Hydra Advanced Configuration¶

LitDet leverages Hydra to provide a modular, hierarchical configuration system. Every run is governed by a composition of several YAML modules that define the data, model, and training behavior.

LitDet Architecture — The high-level architecture of LitDet.¶

Hydra instantiates five primary objects based on your configuration. You can find these organized in the configs/ directory.

Data¶

The data module configures the LightningDataModule, which handles all data loading, splitting, and preprocessing.

COCO configuration¶

_convert_: "object" # Convert ListConfig objects from transformation into a list
defaults:
  - _self_
  - transformation@train_transforms: train_transforms
  - transformation@test_transforms: test_transforms
  - transformation@predict_transforms: predict_transforms
  - transformation@post_transforms: post_transforms

_target_: litdet.data.coco_datamodule.COCODataModule
data_dir: ${paths.data_dir}
data_name: "COCO"
batch_size: 2 # Needs to be divisible by the number of devices (e.g., if in a distributed setup)
auto_partition_from_train: false
train_val_test_split: [0.8, 0.1, 0.1]
num_workers: 0
pin_memory: true
test_on_val_split: false
auto_download_dataset: false
include_background: false
is_contiguous: True

Dataset Selection: By default, LitDet uses COCO (configs/data/coco.yaml), but it also supports MNIST for classification.

Handling Missing Labels: If your dataset lacks test ground-truth (like official COCO), set data.test_on_val_split=True to use the validation set for final evaluation.

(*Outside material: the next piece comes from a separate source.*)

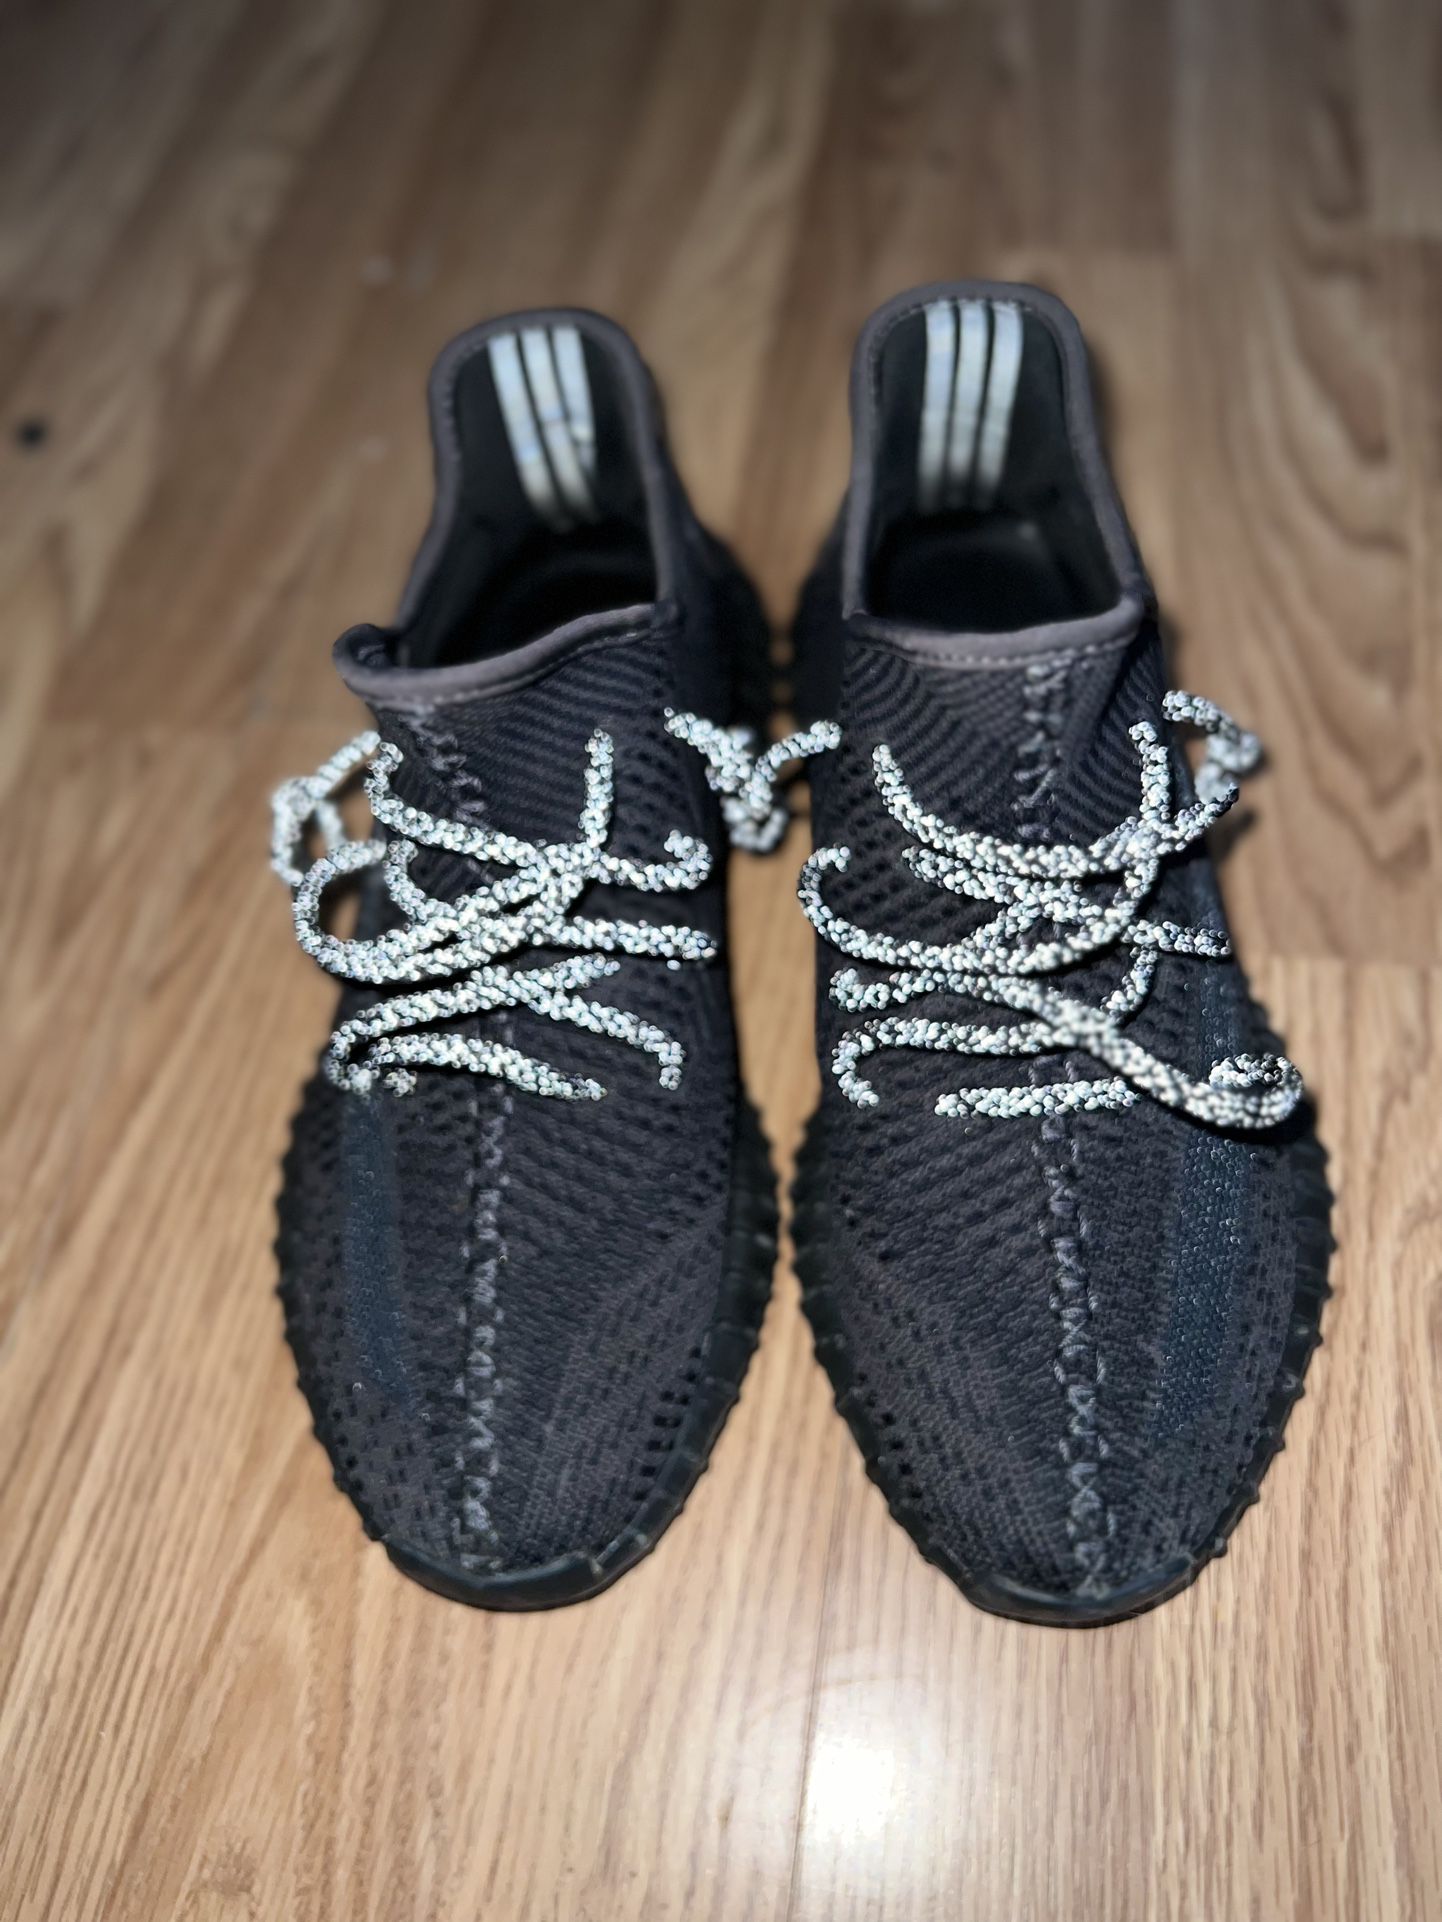 Adidas Boost 350 V2 (static Black Reflective) for Sale in Bear Creek Village, PA -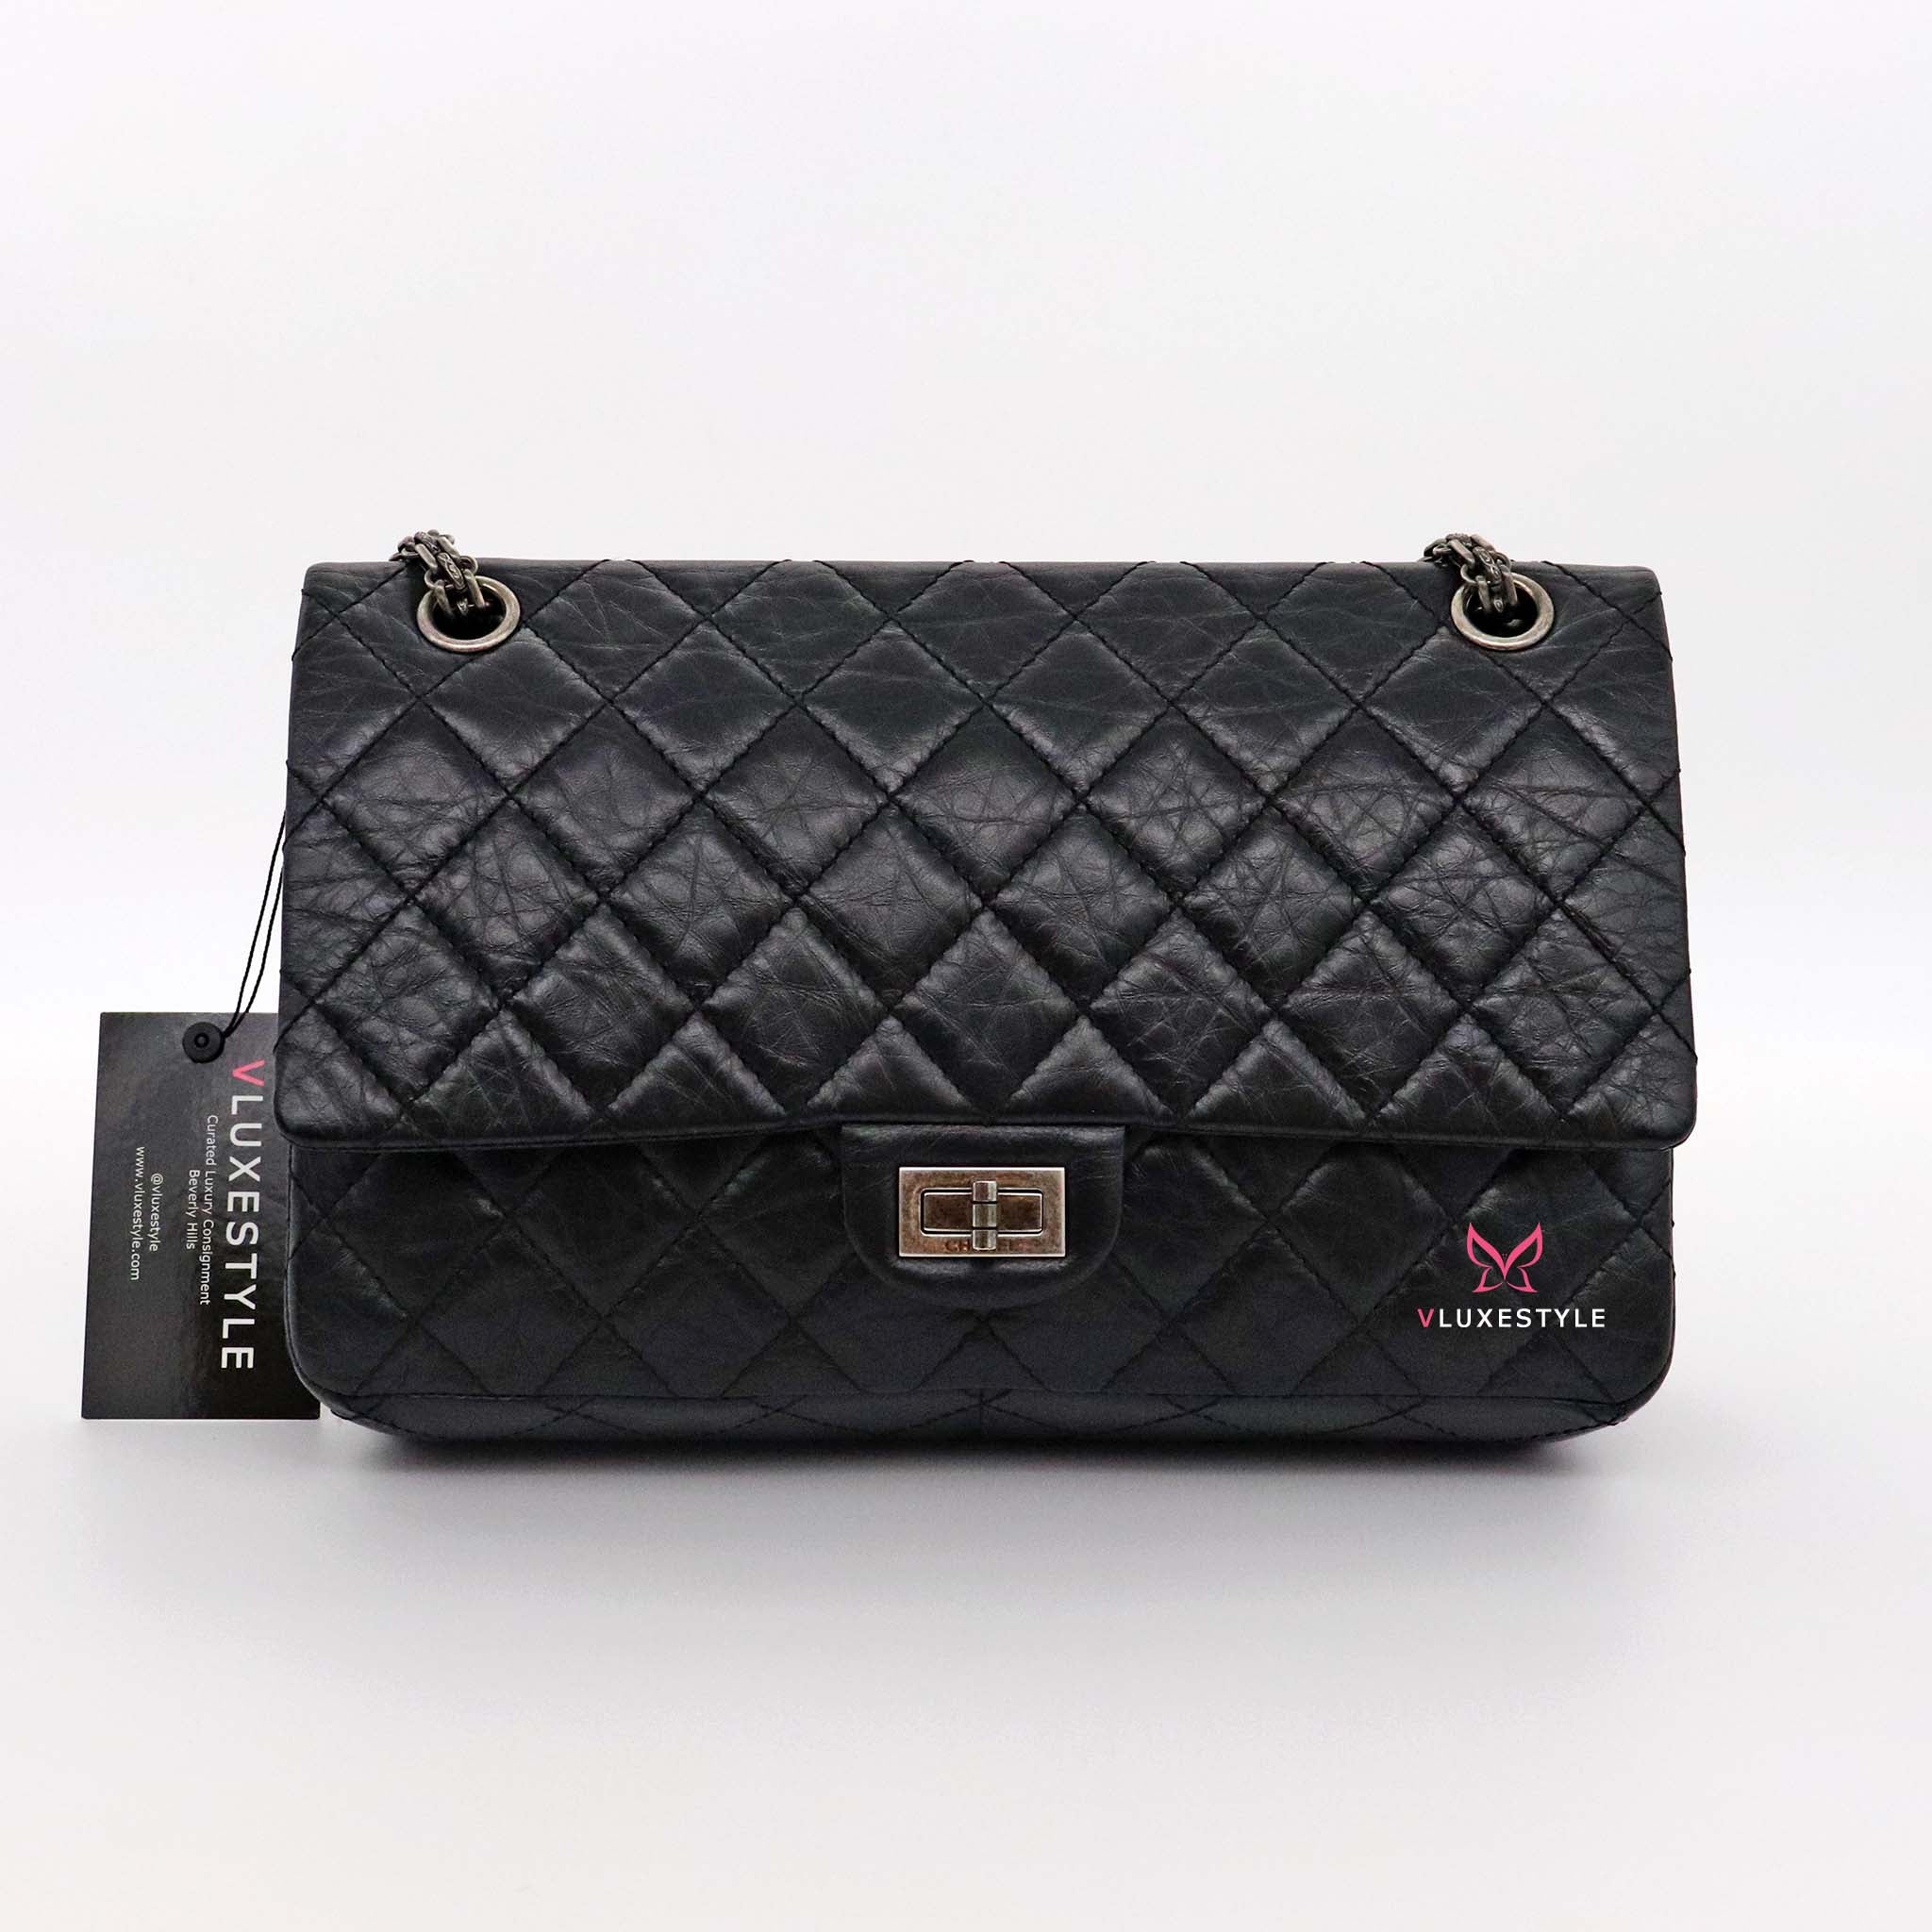 Chanel Black Quilted Crackled Leather Medium Reissue Camera Bag

Automatic Partitioning: If you only have a training set, set data.auto_partition_from_train=True and data.train_val_test_split to automatically generate validation and test splits.

Image Augmentations: Transforms are managed via sub-configs. You can update torchvision augmentations for your config (like RandomHorizontalFlip or ScaleJitter).

Warning

We have a distinction between user-defined data augmentations (e.g. RandomPhotometricDistort), and internal pre-processing functions (e.g, ToDtype). While you can modify the former at runtime to suit your ML experiments, the latter are required for model integrity and must not be included as they are defined within the library.

Performance: To improve data loading speeds, you can keep the dataset in memory using data.pin_memory=True and accelerate batch processing by increasing data.num_workers.

Task¶

The task module defines the LightningModule for object detection task, which contains the model architecture, loss functions, and optimization logic.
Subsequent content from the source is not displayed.